I knew exactly what I was doing when I outed myself as a sex worker and tied my legal name to my work, and the ensuing nonsense just proves how prevalent and powerful the stigma against us still is:
I have been denied apartments.
One minute we’re about to sign the lease papers, then they Google me. No amount of money in the world will then get me that apartment because I wear the modern version of the Scarlet Letter.
Any time I date online, guys are wary.
They will pass me over for the secretary because they think my job defines me, but if I don’t tell them what I do, then I’m considered secretive and untrustworthy.
Sex with civilians is damn near impossible.
Even though I’m mostly an online domme, that doesn’t stop every Tom/John/Harry from begging me to fuck them in the ass with a strap-on. I become a tool for their fetish – not a person.

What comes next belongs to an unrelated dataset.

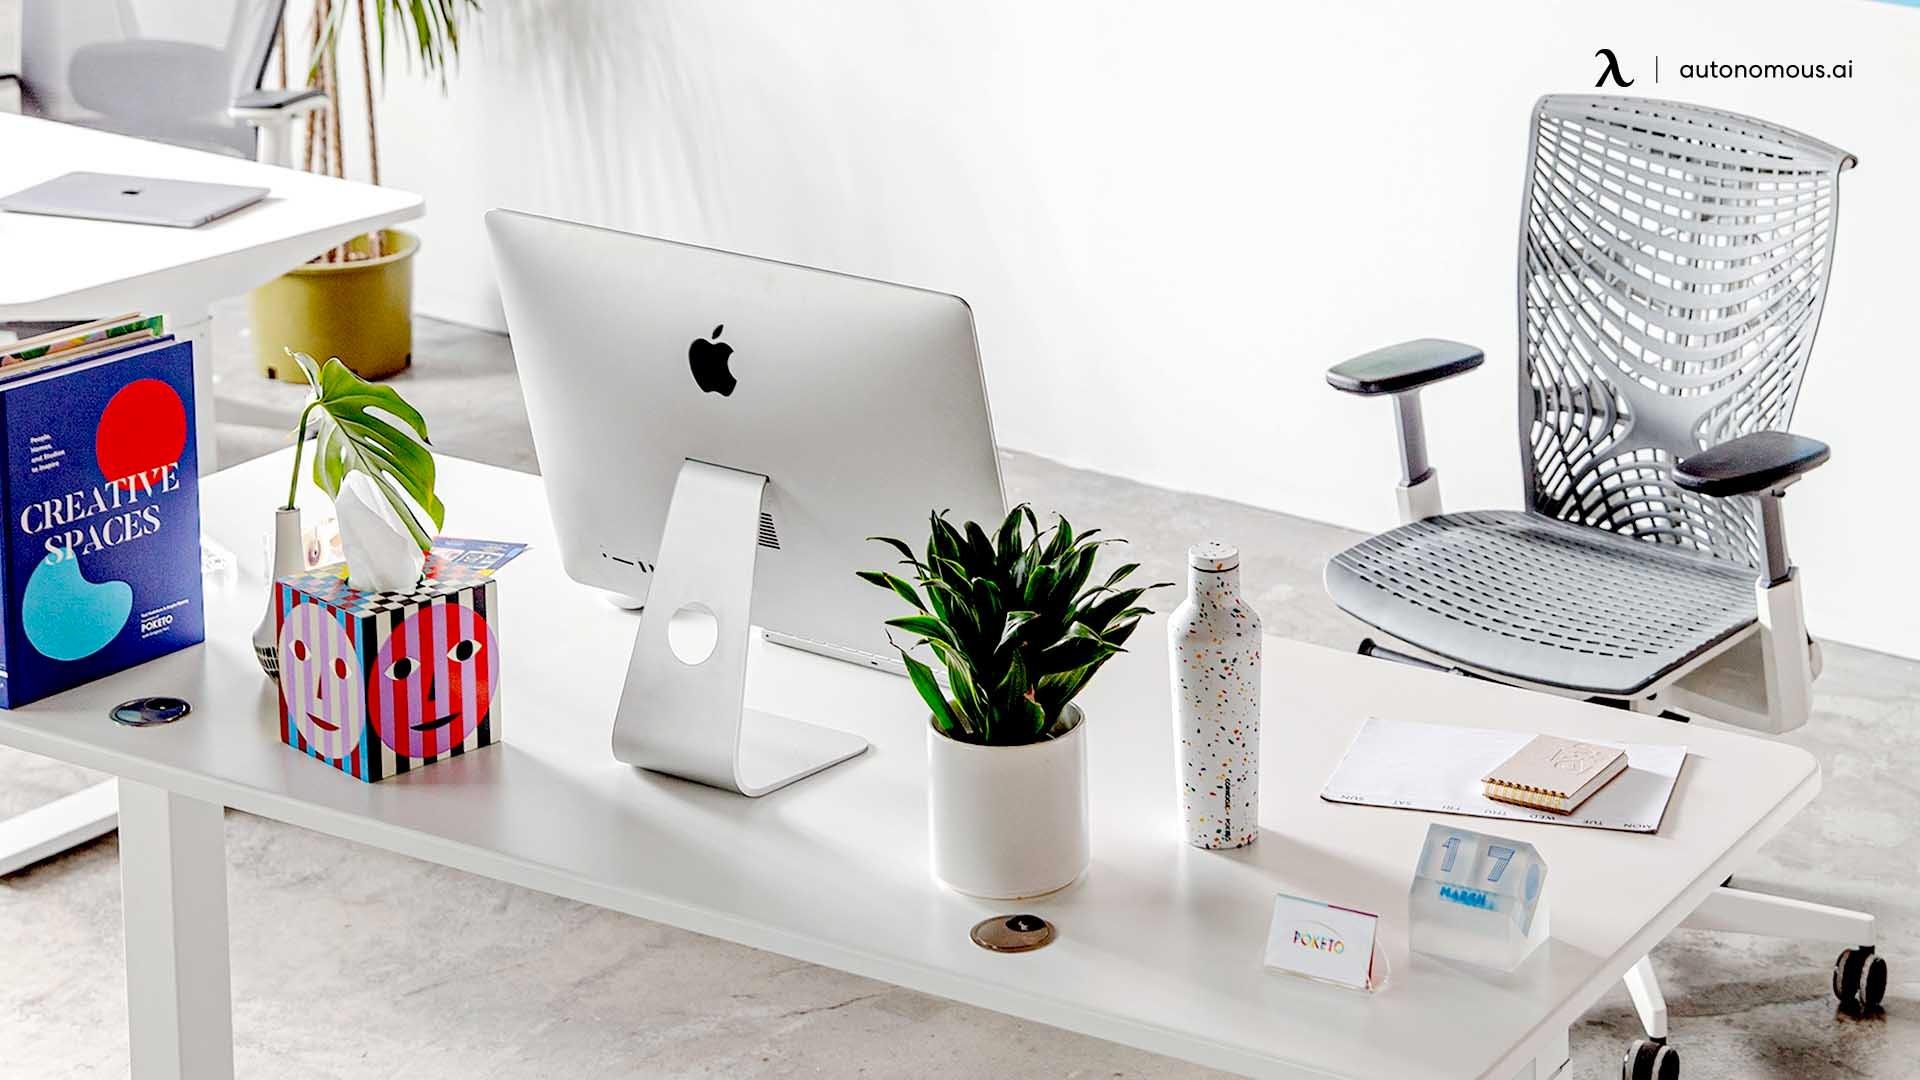 Change the desk setup

Guys I meet won’t stop asking about my job.
I don’t want to lie to them and say I’m a customer service rep because a relationship shouldn’t be built on lies, but I also don’t want to recount every single work-related experience for the hundredth time.
Getting another job? Forget it.
Who would want to hire a self-starting, enterprising sex worker? Nobody. Not even @Pornhub. Doesn’t matter how qualified we are – nobody wants a out sex worker employed at their company.
As a sex worker using her real name, I’m a perpetual liability and a source of stories for people who take me out once or twice and then put on their OkCupid profiles that they dated a sex worker once, as though it gives them depth.
I can’t even tell you the amount of times men have attempted to or successfully engaged in bareback sex with me because I’m a sex worker, and since I use my real name, they feel like they have leverage.
If I didn’t have both US and Canadian legal status, crossing the border would be an absolute nightmare because sex workers don’t take vacations, apparently – we just work 24/7.
My family has disowned me.
My own father called me a prostitute (even though I mainly work online) and told me he’d rather die than have a whore for a daughter. My mother thinks anything that happens to me is my fault. My sister mined me for info on FinDom, then blocked me.
Any time I am raped or assaulted, it’s “my fault” because I “shouldn’t spread my legs so easily.”
And it’s not like I can go to the police and tell them about it if it happens with a client because sex workers aren’t human to them.
Writers and journalists mine me for information and then make money off of my stories – none of which goes to me, of course. They stalk my tweets, regurgitate my opinion, and get paid while I can’t pitch anywhere since no “credible” publication would publish an active sex worker.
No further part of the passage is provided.